PROBLEM TO WORK ON: Using the data below, output the first line and every line after it up to and including the line containing "Cocinas a medida cocinas", exactly as written and with nothing added.
(INPUT Opens)
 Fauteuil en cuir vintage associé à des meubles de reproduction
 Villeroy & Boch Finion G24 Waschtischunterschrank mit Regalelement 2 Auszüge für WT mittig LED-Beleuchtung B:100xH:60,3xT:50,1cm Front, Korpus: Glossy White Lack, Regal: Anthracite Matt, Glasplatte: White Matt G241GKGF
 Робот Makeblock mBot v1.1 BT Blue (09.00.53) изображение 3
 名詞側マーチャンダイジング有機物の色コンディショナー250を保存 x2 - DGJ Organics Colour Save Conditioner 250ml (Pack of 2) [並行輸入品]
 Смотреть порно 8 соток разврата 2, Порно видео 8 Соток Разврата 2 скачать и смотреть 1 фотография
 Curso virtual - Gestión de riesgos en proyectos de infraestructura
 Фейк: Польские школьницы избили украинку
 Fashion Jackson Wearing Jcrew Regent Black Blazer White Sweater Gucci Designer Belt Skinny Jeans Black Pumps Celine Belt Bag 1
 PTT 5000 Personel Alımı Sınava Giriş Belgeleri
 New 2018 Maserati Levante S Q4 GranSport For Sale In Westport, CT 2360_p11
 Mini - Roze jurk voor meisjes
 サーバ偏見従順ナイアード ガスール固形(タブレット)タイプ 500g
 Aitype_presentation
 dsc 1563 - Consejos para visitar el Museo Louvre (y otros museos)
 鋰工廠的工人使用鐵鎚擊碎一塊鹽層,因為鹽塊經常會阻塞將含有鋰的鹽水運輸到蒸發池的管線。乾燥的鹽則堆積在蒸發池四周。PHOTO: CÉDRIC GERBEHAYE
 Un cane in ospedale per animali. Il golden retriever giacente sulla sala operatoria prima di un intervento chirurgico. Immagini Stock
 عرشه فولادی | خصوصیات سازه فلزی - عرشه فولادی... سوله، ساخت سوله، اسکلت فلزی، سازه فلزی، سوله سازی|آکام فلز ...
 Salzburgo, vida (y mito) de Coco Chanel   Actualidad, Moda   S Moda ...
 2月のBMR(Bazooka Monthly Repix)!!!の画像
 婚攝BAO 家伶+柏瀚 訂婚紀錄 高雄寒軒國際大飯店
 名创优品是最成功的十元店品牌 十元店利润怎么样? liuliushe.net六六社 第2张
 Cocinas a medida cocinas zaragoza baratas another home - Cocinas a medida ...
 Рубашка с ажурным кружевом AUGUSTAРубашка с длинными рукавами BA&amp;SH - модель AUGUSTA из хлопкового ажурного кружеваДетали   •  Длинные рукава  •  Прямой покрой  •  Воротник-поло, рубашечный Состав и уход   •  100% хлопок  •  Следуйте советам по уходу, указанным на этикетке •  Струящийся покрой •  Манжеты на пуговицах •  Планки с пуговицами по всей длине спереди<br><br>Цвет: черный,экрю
(INPUT Closes)
RESPONSE TO THIS TASK:
 Fauteuil en cuir vintage associé à des meubles de reproduction
 Villeroy & Boch Finion G24 Waschtischunterschrank mit Regalelement 2 Auszüge für WT mittig LED-Beleuchtung B:100xH:60,3xT:50,1cm Front, Korpus: Glossy White Lack, Regal: Anthracite Matt, Glasplatte: White Matt G241GKGF
 Робот Makeblock mBot v1.1 BT Blue (09.00.53) изображение 3
 名詞側マーチャンダイジング有機物の色コンディショナー250を保存 x2 - DGJ Organics Colour Save Conditioner 250ml (Pack of 2) [並行輸入品]
 Смотреть порно 8 соток разврата 2, Порно видео 8 Соток Разврата 2 скачать и смотреть 1 фотография
 Curso virtual - Gestión de riesgos en proyectos de infraestructura
 Фейк: Польские школьницы избили украинку
 Fashion Jackson Wearing Jcrew Regent Black Blazer White Sweater Gucci Designer Belt Skinny Jeans Black Pumps Celine Belt Bag 1
 PTT 5000 Personel Alımı Sınava Giriş Belgeleri
 New 2018 Maserati Levante S Q4 GranSport For Sale In Westport, CT 2360_p11
 Mini - Roze jurk voor meisjes
 サーバ偏見従順ナイアード ガスール固形(タブレット)タイプ 500g
 Aitype_presentation
 dsc 1563 - Consejos para visitar el Museo Louvre (y otros museos)
 鋰工廠的工人使用鐵鎚擊碎一塊鹽層,因為鹽塊經常會阻塞將含有鋰的鹽水運輸到蒸發池的管線。乾燥的鹽則堆積在蒸發池四周。PHOTO: CÉDRIC GERBEHAYE
 Un cane in ospedale per animali. Il golden retriever giacente sulla sala operatoria prima di un intervento chirurgico. Immagini Stock
 عرشه فولادی | خصوصیات سازه فلزی - عرشه فولادی... سوله، ساخت سوله، اسکلت فلزی، سازه فلزی، سوله سازی|آکام فلز ...
 Salzburgo, vida (y mito) de Coco Chanel   Actualidad, Moda   S Moda ...
 2月のBMR(Bazooka Monthly Repix)!!!の画像
 婚攝BAO 家伶+柏瀚 訂婚紀錄 高雄寒軒國際大飯店
 名创优品是最成功的十元店品牌 十元店利润怎么样? liuliushe.net六六社 第2张
 Cocinas a medida cocinas zaragoza baratas another home - Cocinas a medida ...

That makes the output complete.